====== DATA SECTION

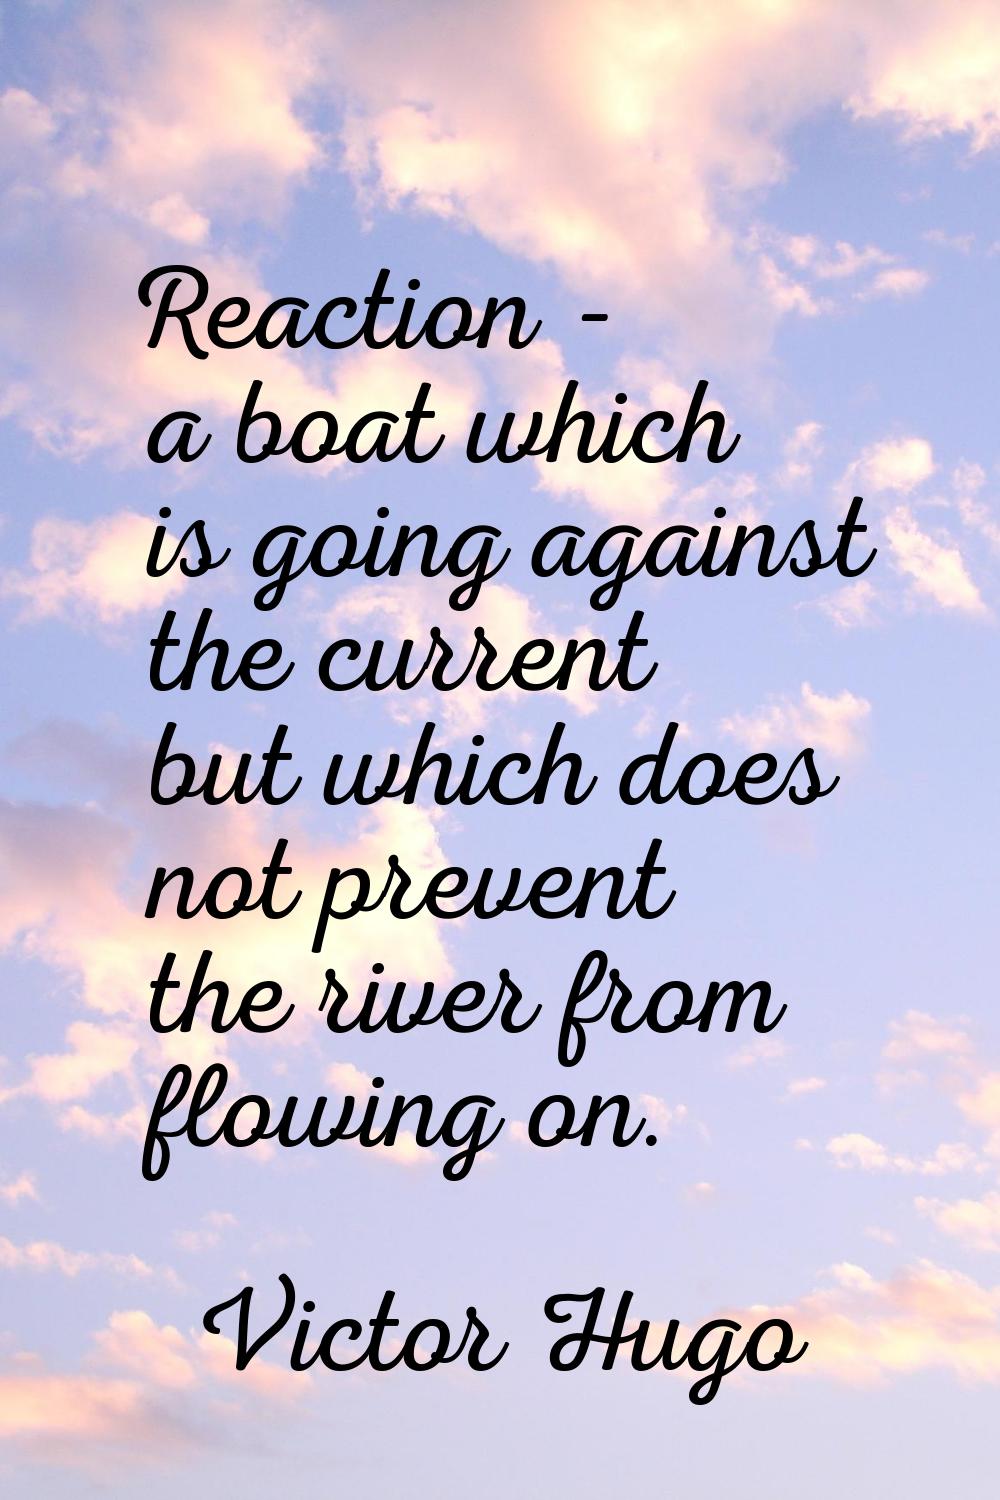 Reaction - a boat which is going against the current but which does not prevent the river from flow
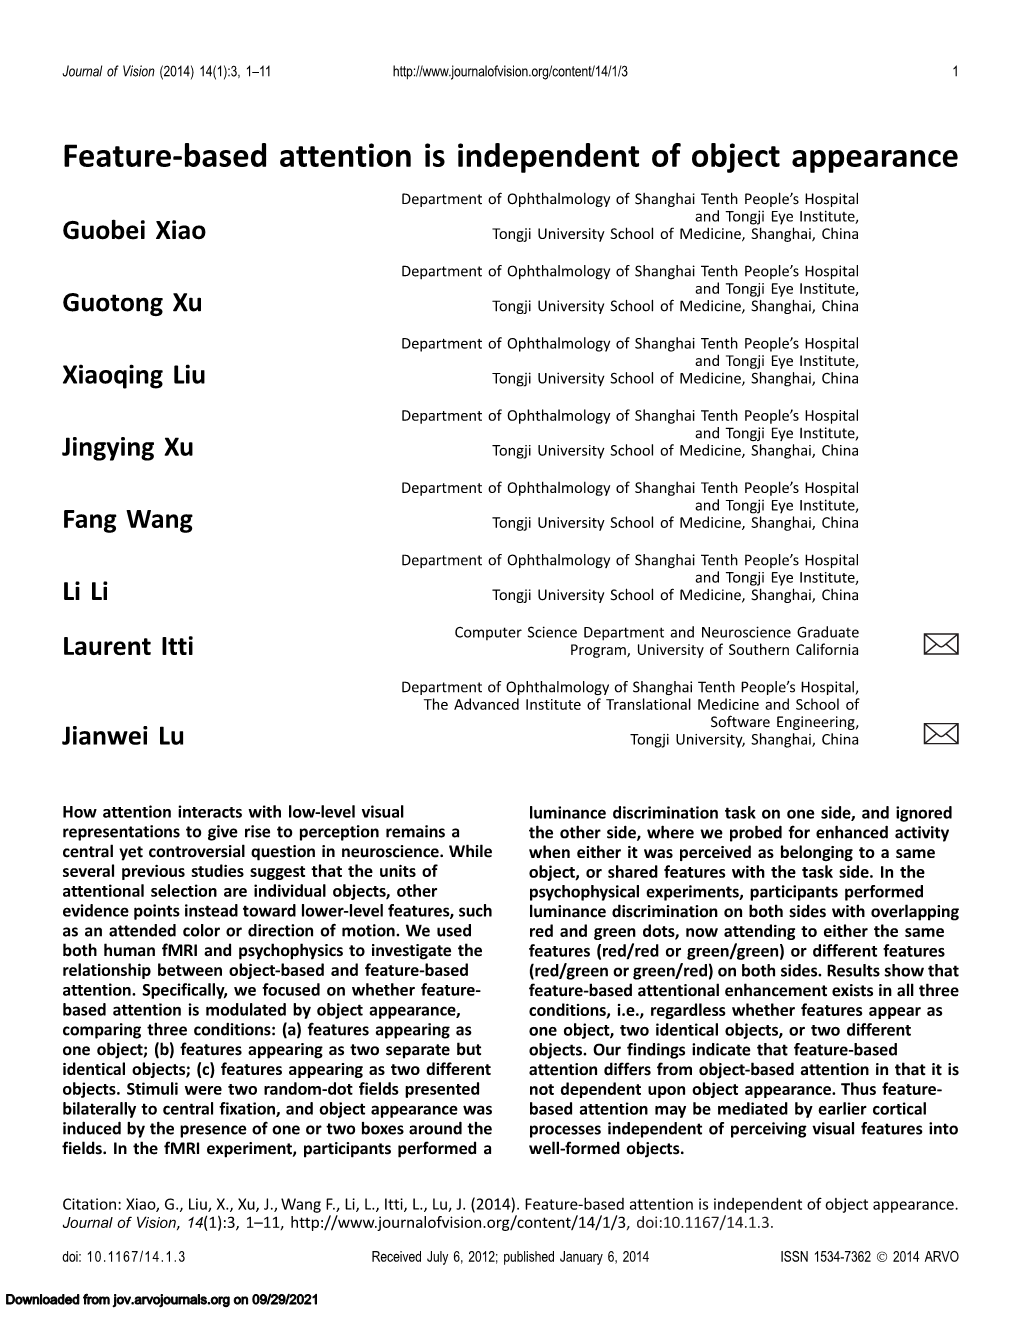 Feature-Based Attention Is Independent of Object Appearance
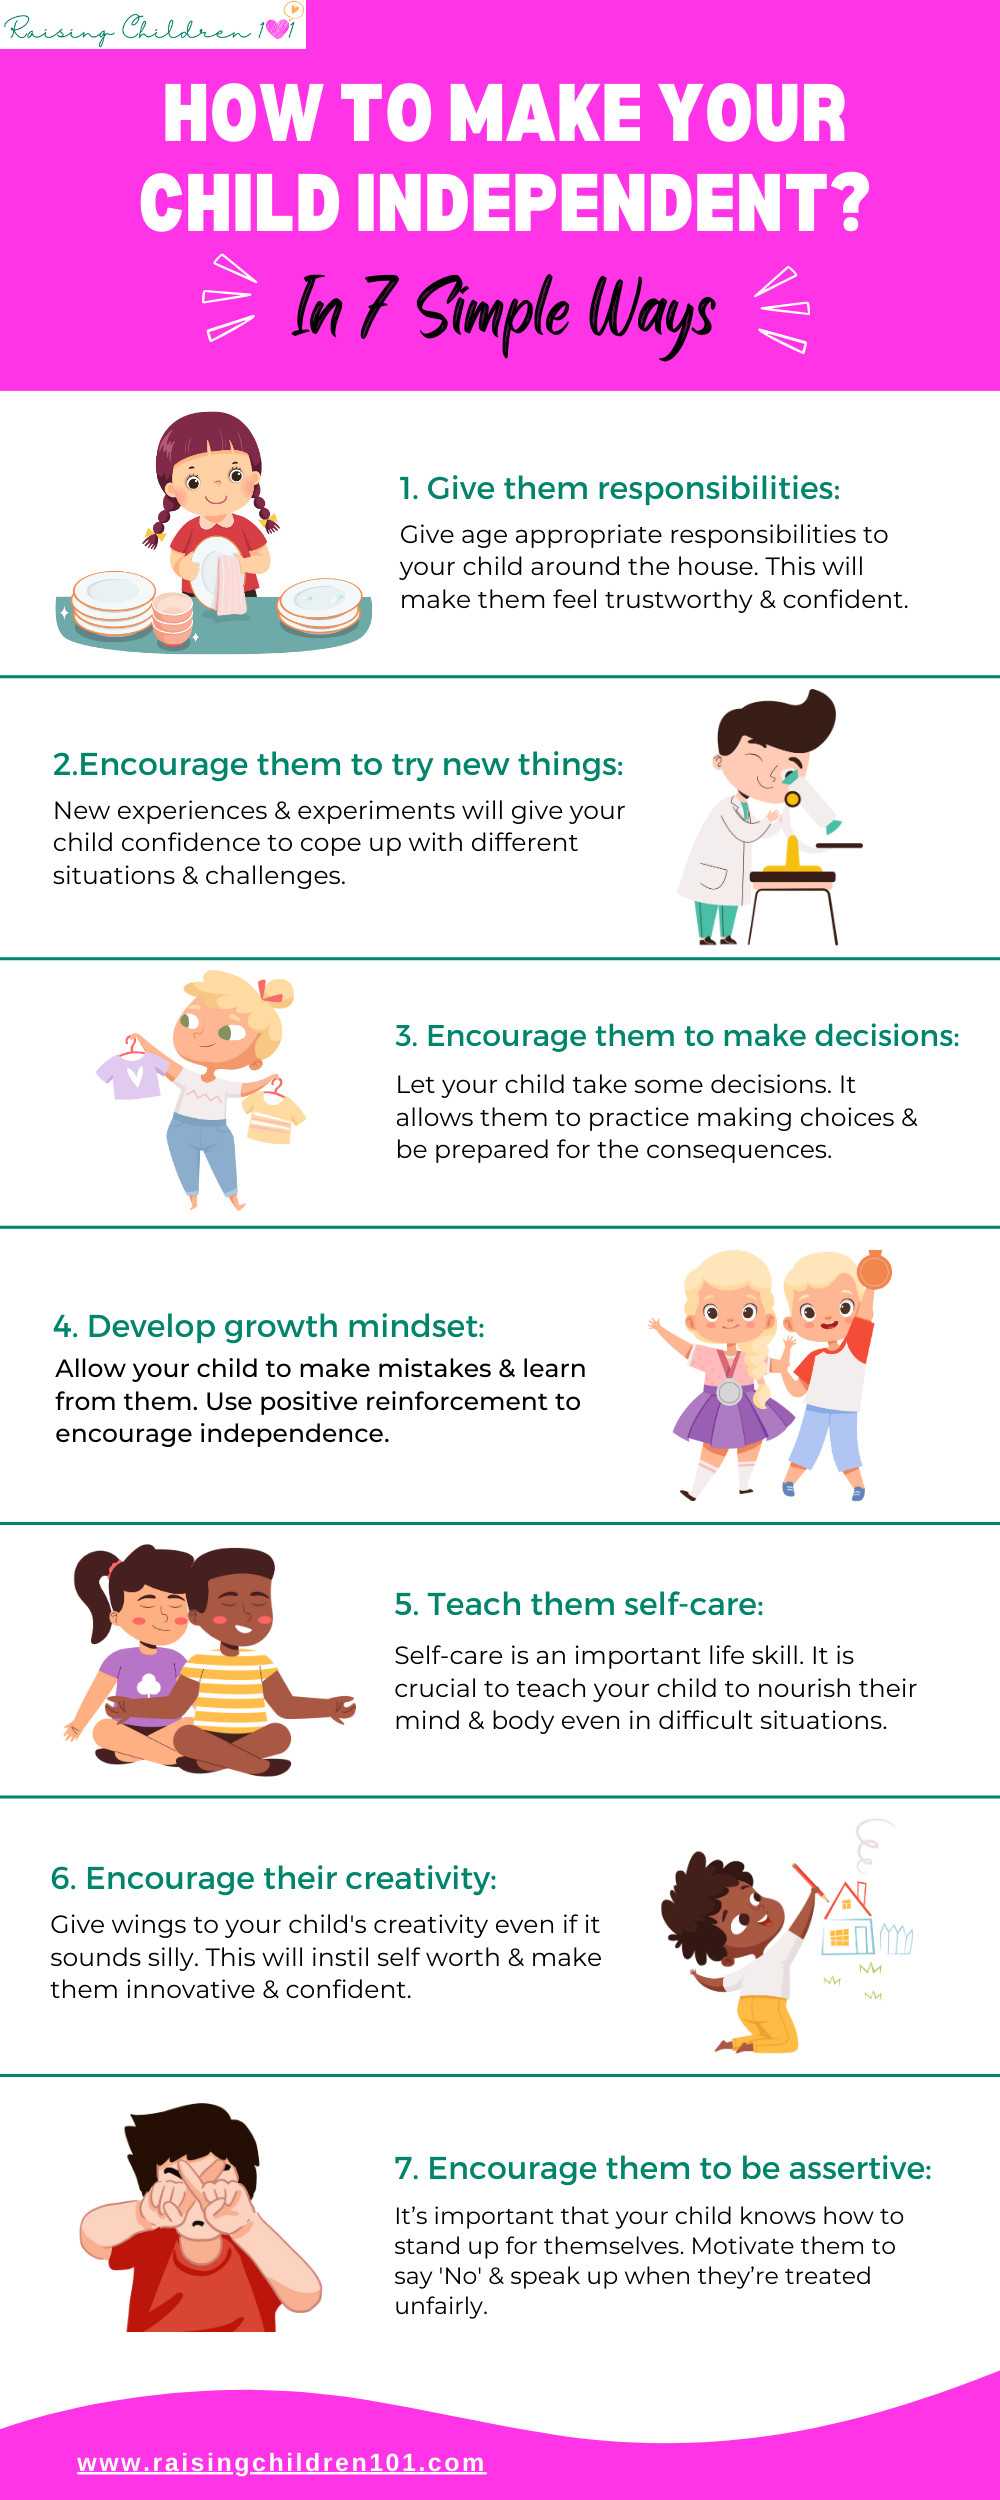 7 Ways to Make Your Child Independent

============

* **PROBLEM REQUIREMENTS**
What is needed is a word-for-word copy of the data above, free of any images.

* **WRITTEN ANSWER**
 Reaction - a boat which is going against the current but which does not prevent the river from flow
 Feature-Based Attention Is Independent of Object Appearance
 7 Ways to Make Your Child Independent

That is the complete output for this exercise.